In all honesty, I'm sure there's not a single INTP out there who doesn't feel the slight ego boost of being labelled the "special" type, the widely claimed, "smartest" of all the types. Prestigious titles generally give you a sense of self-worth and the fact that INTPs are so rare gives it a feel of being even more special. 

But for all it's worth, being an INTP has more than it's share of personal challenges that make it obvious why so few people are labelled as such. The world of the INTP, from my experience, is a lonely one filled with frustration and disappointment but at the same time, filled with endless wonder and pondering of what could be. I see this world filled with so much potential and so much to learn from, but I often I feel like I'm the only one who thinks so. When I talk with friends or family about anything remotely close to what truly interests me, no one either seems to care or they can't find a way to relate. There are some occasions of course when I find a subject of mutual interest, but those are so the rare exceptions and in very small numbers. The price I pay with prizing independence and unconventional approaches on life is this deep and forever lingering loneliness. It used to bother me that I could hardly relate to anyone, but I've gotten used to it and adapted for the most part.

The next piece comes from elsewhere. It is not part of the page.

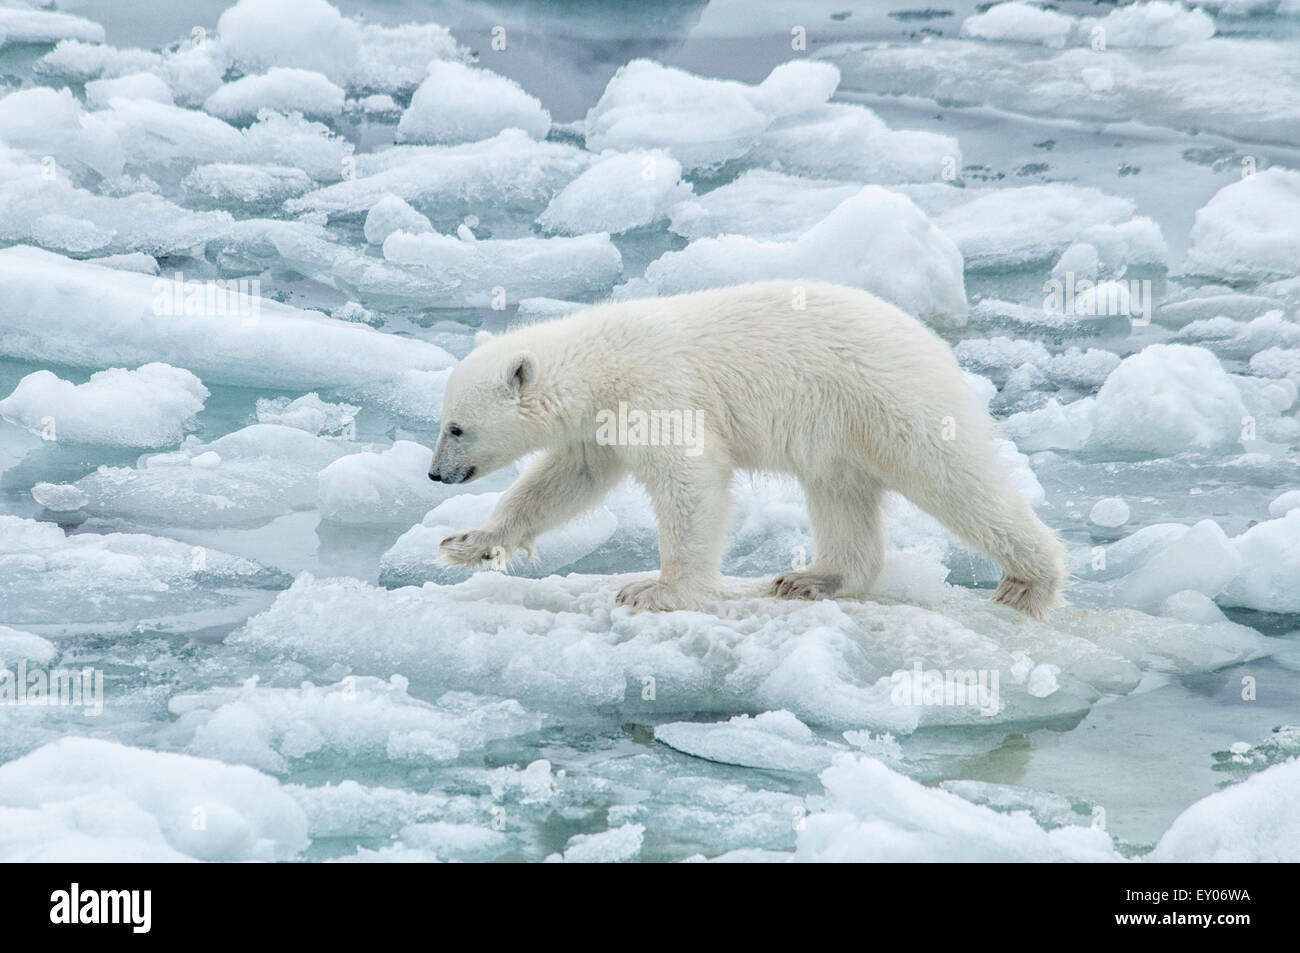 Carino Polar Bear Cub, Ursus maritimus, camminando con attenzione sulla fusione Olgastretet Pack ghiaccio, arcipelago delle Svalbard, Norvegia Foto Stock

What does bother me, however, is the notion of other INTPs (online) being just as apathetic or distant as the people in my life. Perhaps I've always longed for a place to belong, and when I learned that there were people on the internet with the same personality type as I do it gave me a sense of belonging. With this came expectations however, and the more I hung around other INTPs the more I realized that even though we share viewpoints on life, these people were just as different from me than anyone else. It gradually hit me that they didn't have the same interests as I did, nor did any of them really care about my interests. It was disappointing but I knew I should have expected this. 

Perhaps its just typical INTP apathy and lack of attention towards things that don't interest them, or perhaps, I simply, but incorrectly idealized a sense of unity with a group of people who were nothing but mere individuals that log on to this forum. Regardless, I realized my mistake and I guess I'll just have to look elsewhere...

I often wonder if I'll ever find a place or a group that I could truly feel I belong. But I know that this is the life I live because of who I am, and honestly I wouldn't have it any other way.


----------



## MelodyGirl (Dec 18, 2010)

DG, can you tell me what socionics is, and how it relates to your ILE? "Socionics" is something I'm completely unfamiliar with. I'm vaguely aware of Enneagram, and I don't fit any specific Enneagram type, so I don't like it that much.


----------



## realbigcheeks (May 24, 2017)

well put. this I relate to.


----------